**WHAT THIS TASK INVOLVES:**
Every entry below should be returned exactly as it appears, with pictures left out.

DATA EXCERPTS START

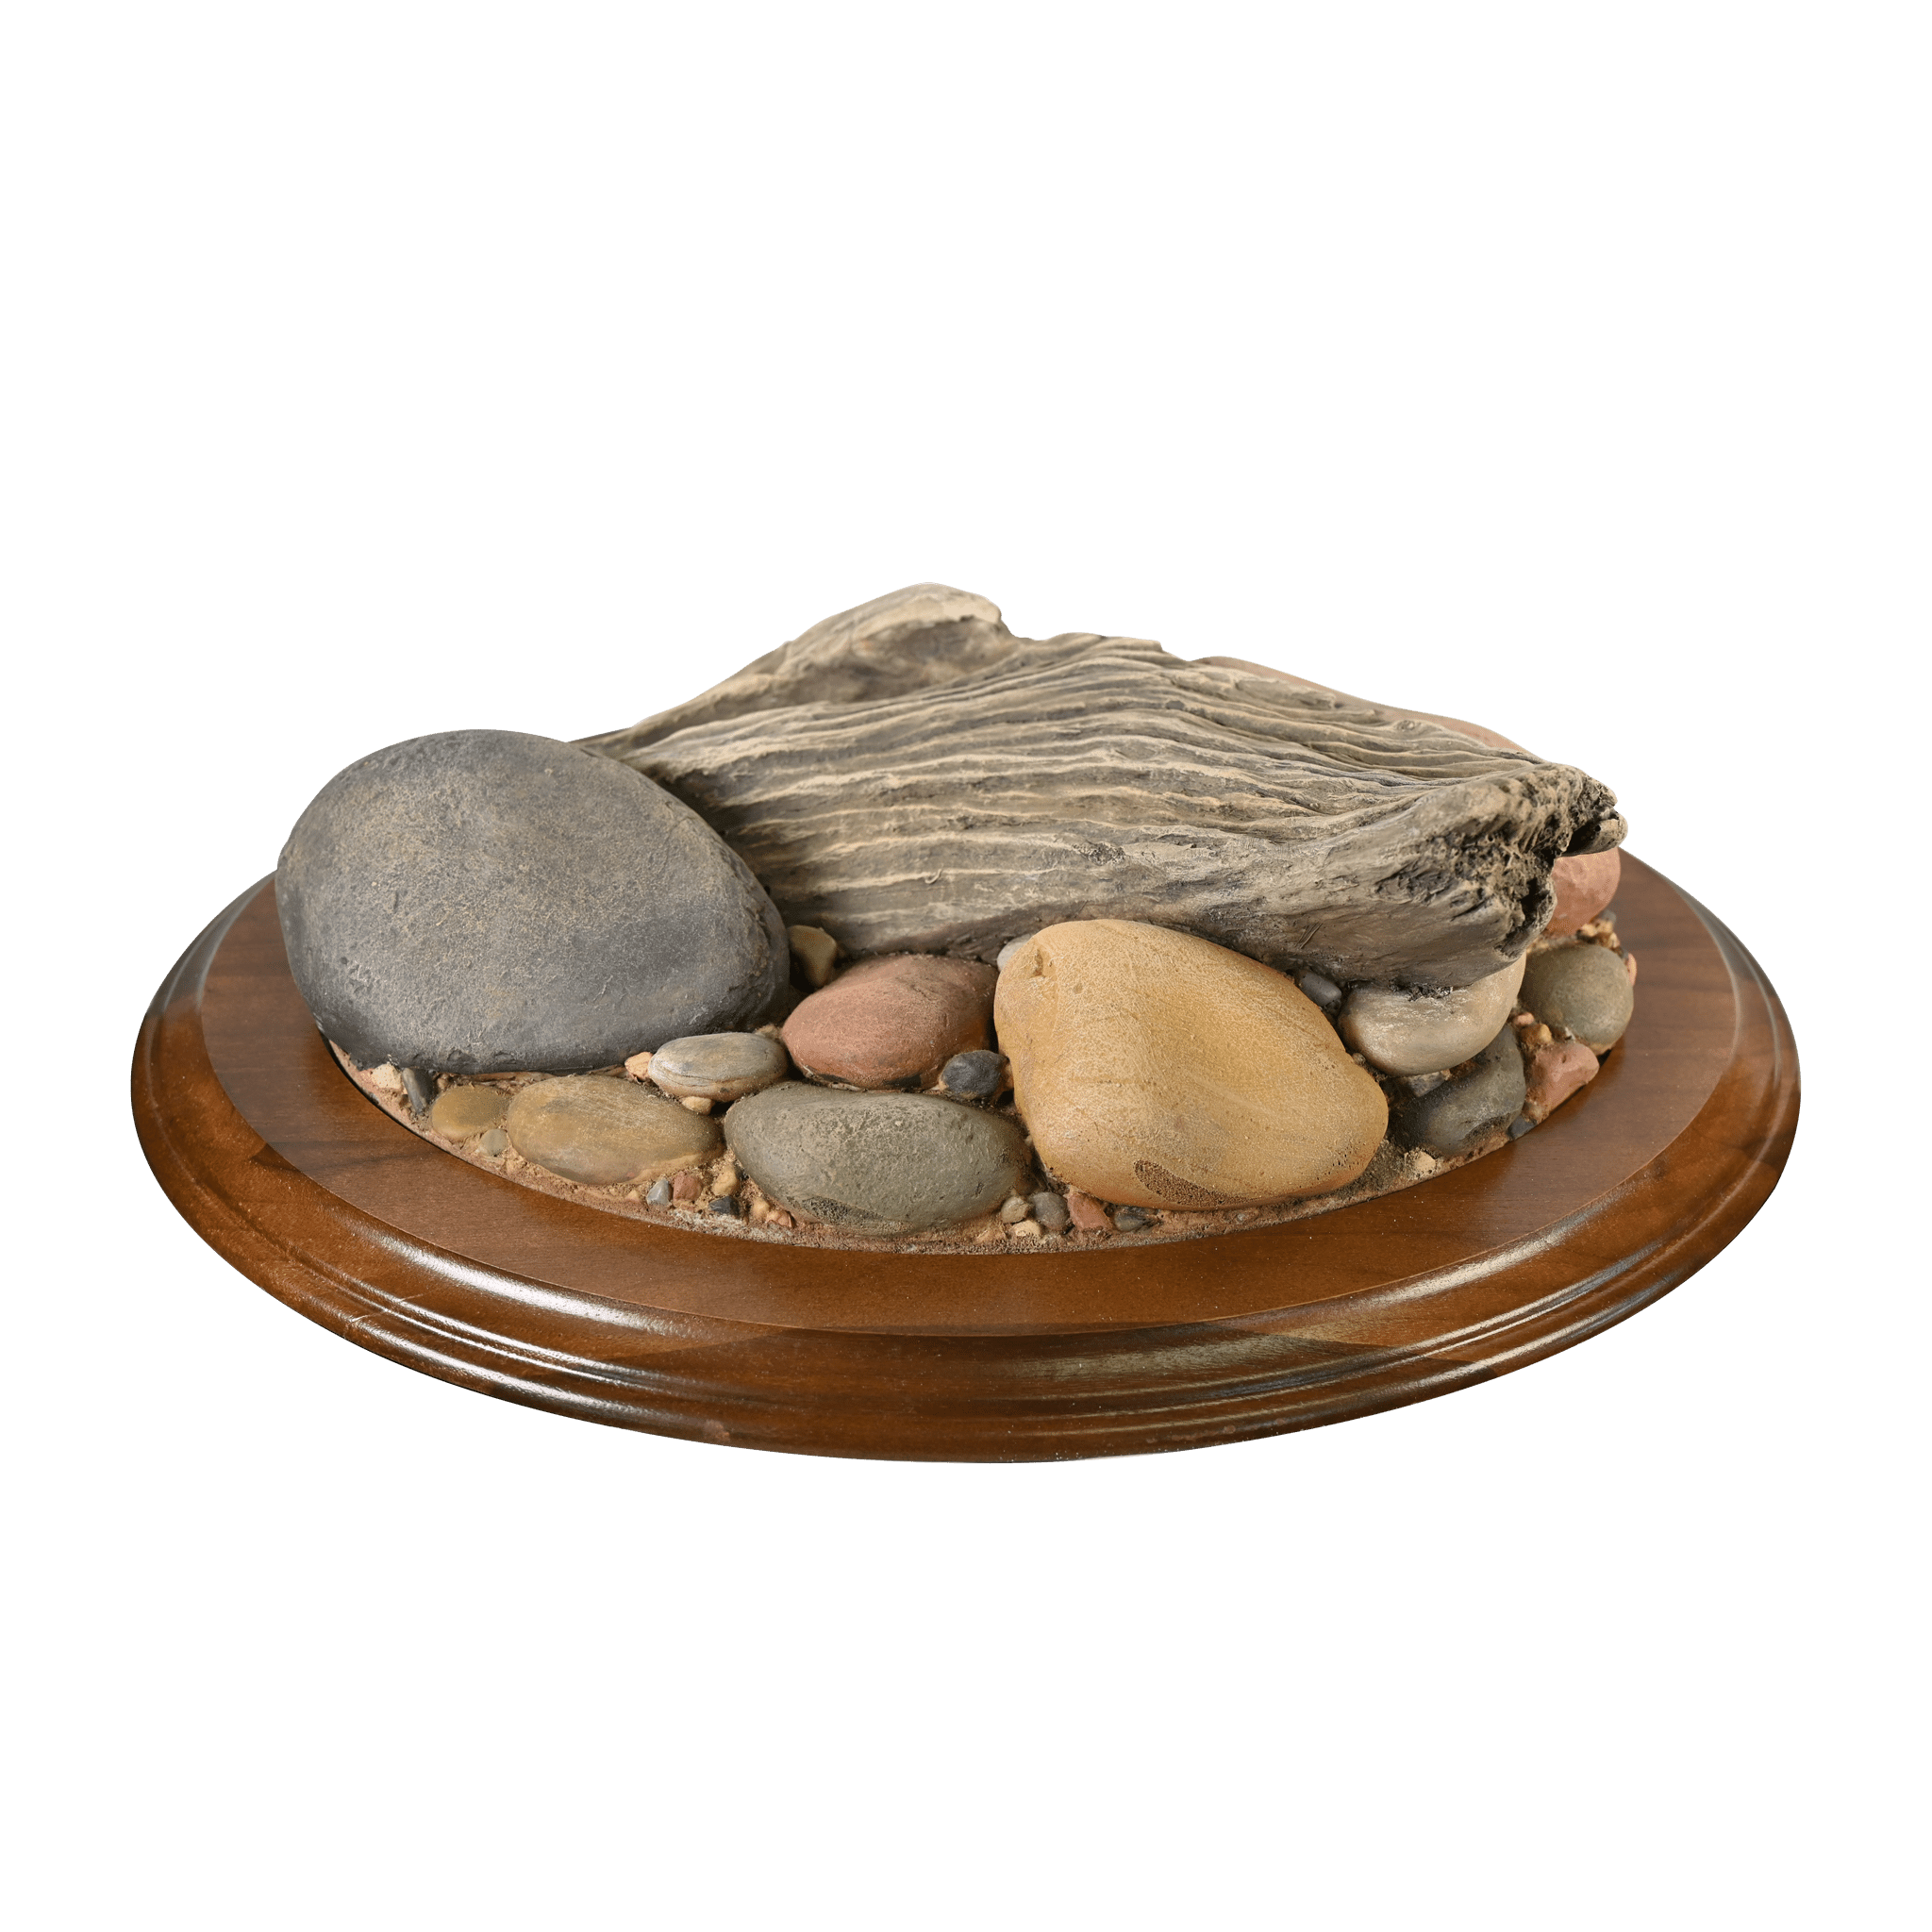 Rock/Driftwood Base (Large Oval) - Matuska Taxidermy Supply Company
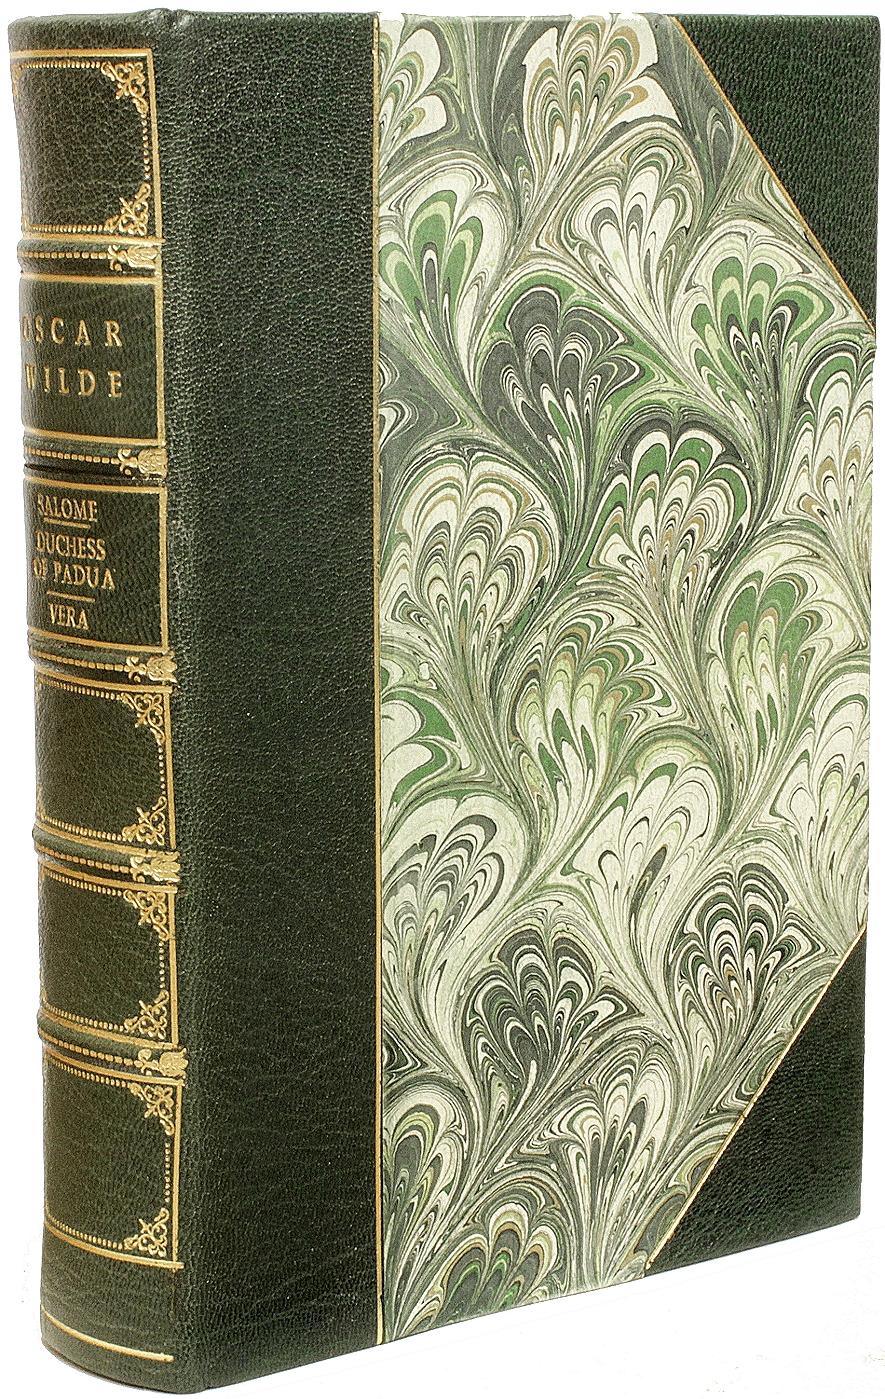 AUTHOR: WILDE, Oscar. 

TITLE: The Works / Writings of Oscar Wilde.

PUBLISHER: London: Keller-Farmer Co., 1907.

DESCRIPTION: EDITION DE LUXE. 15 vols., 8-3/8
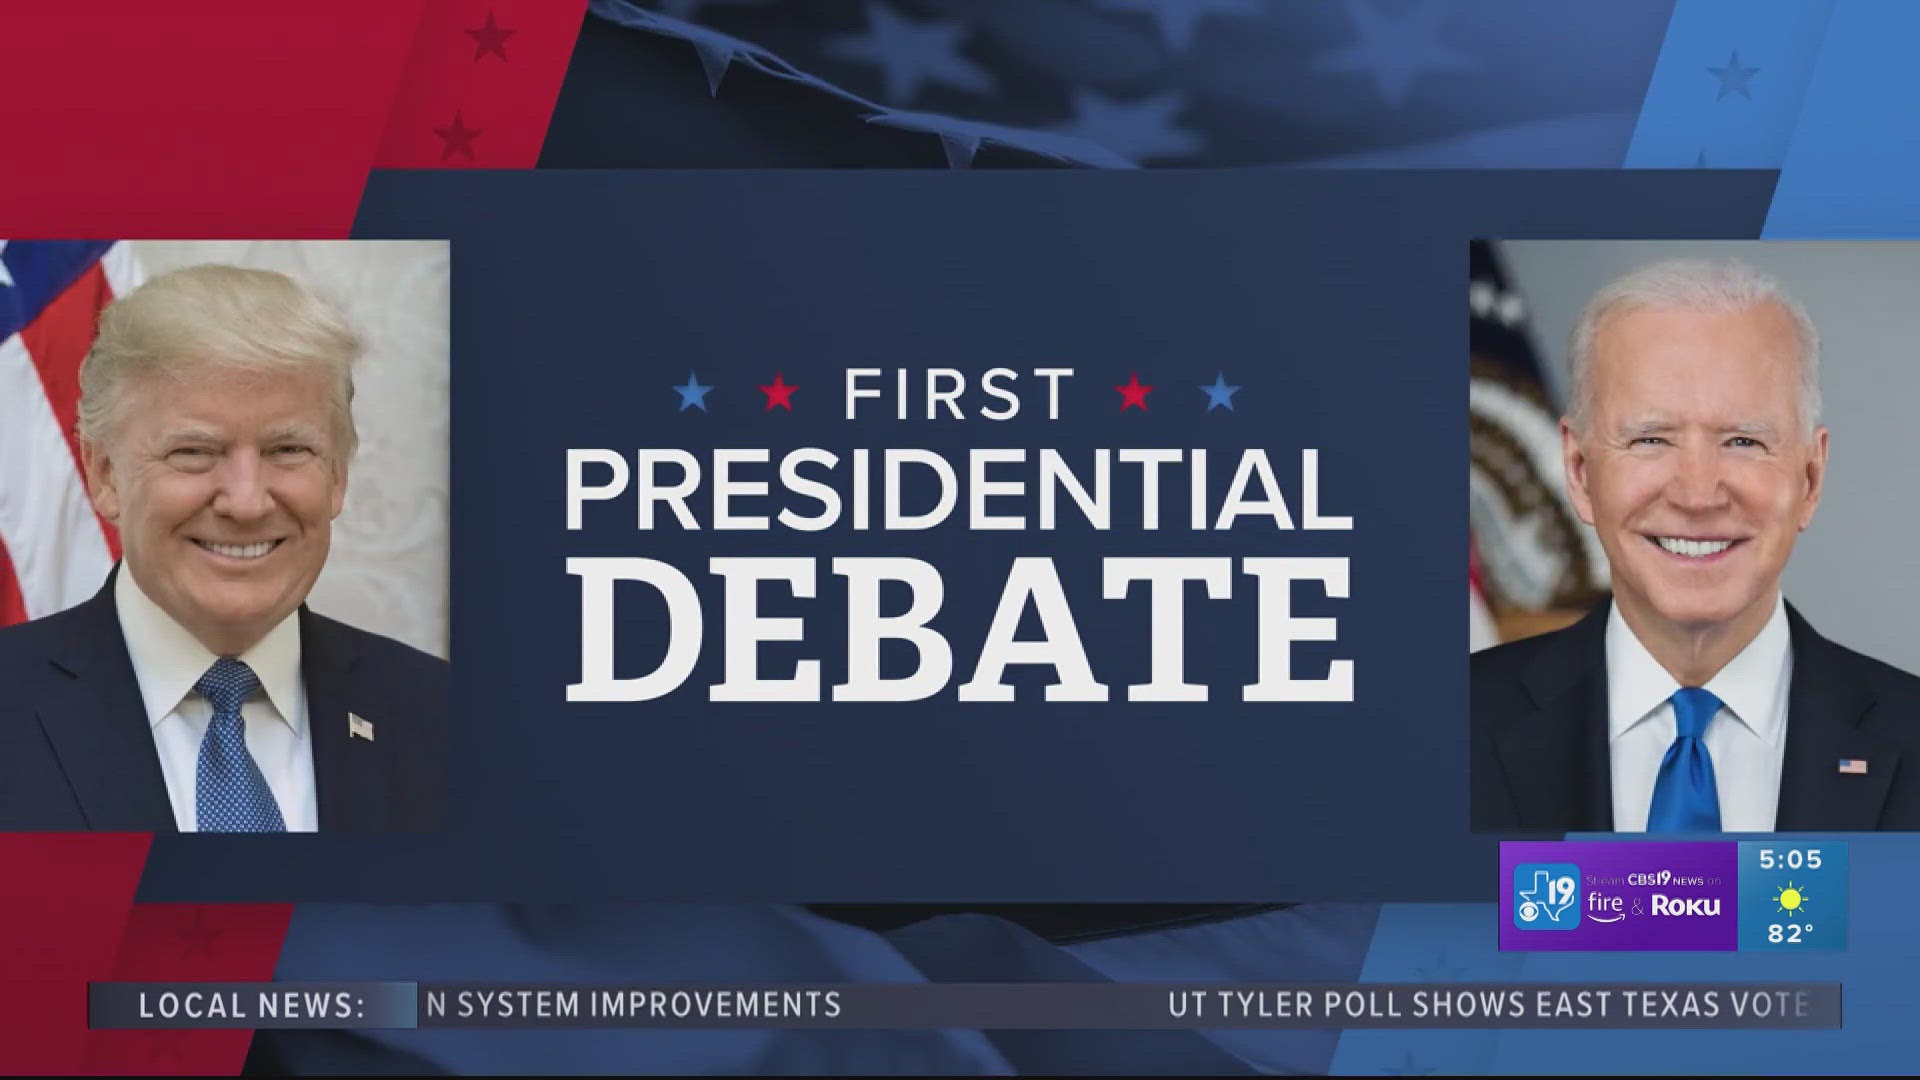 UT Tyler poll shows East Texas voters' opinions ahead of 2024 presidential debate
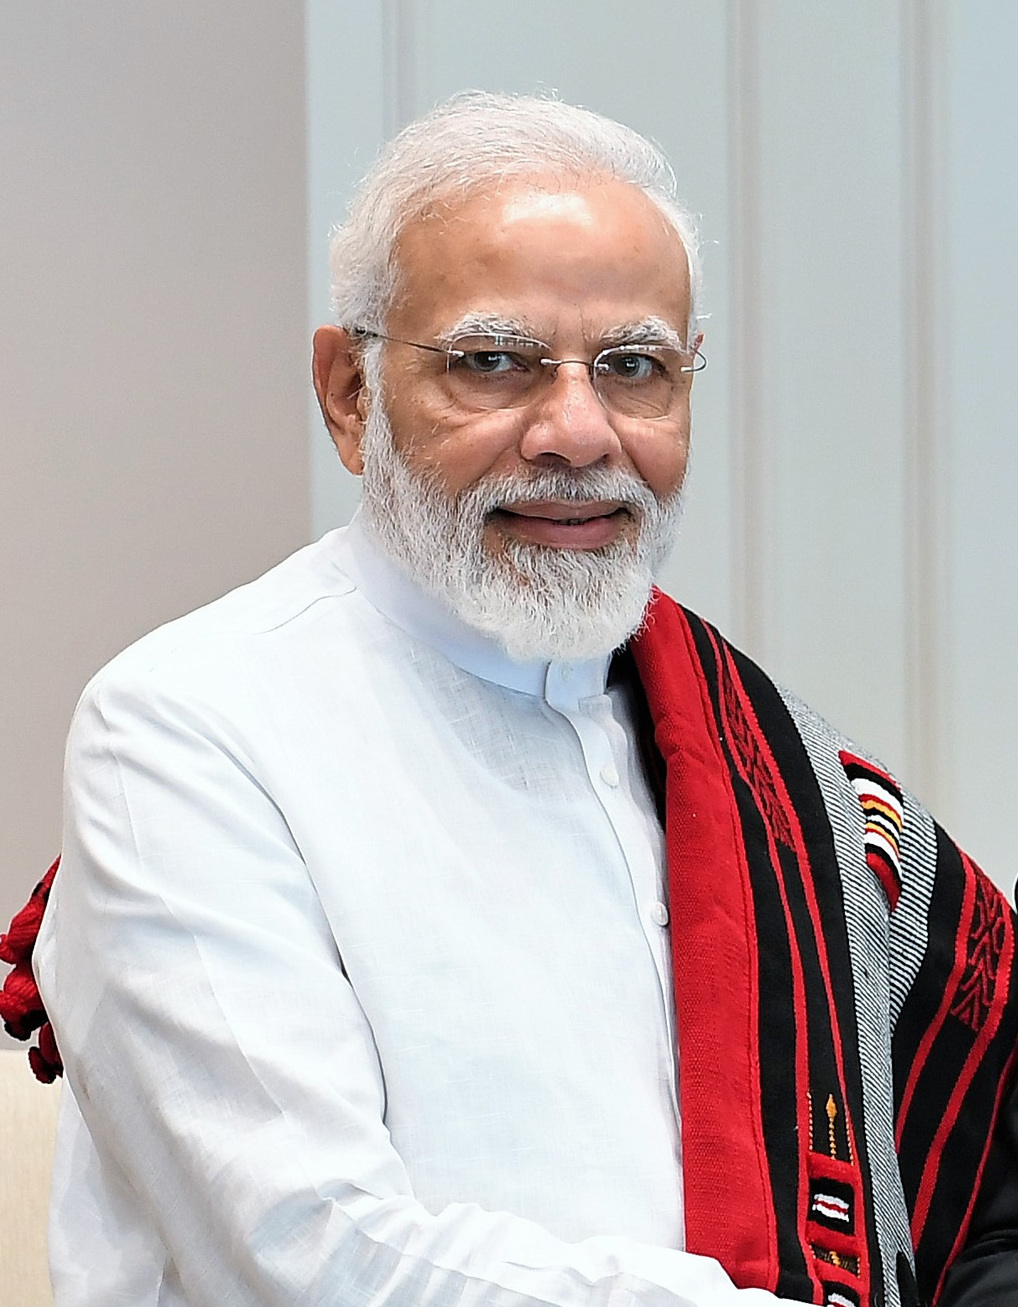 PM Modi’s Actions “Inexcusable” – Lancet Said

DATA EXCERPTS END

**EXERCISE OUTPUT:**
 Rock/Driftwood Base (Large Oval) - Matuska Taxidermy Supply Company
 AUTHOR: WILDE, Oscar. 

TITLE: The Works / Writings of Oscar Wilde.

PUBLISHER: London: Keller-Farmer Co., 1907.

DESCRIPTION: EDITION DE LUXE. 15 vols., 8-3/8
 UT Tyler poll shows East Texas voters' opinions ahead of 2024 presidential debate
 PM Modi’s Actions “Inexcusable” – Lancet Said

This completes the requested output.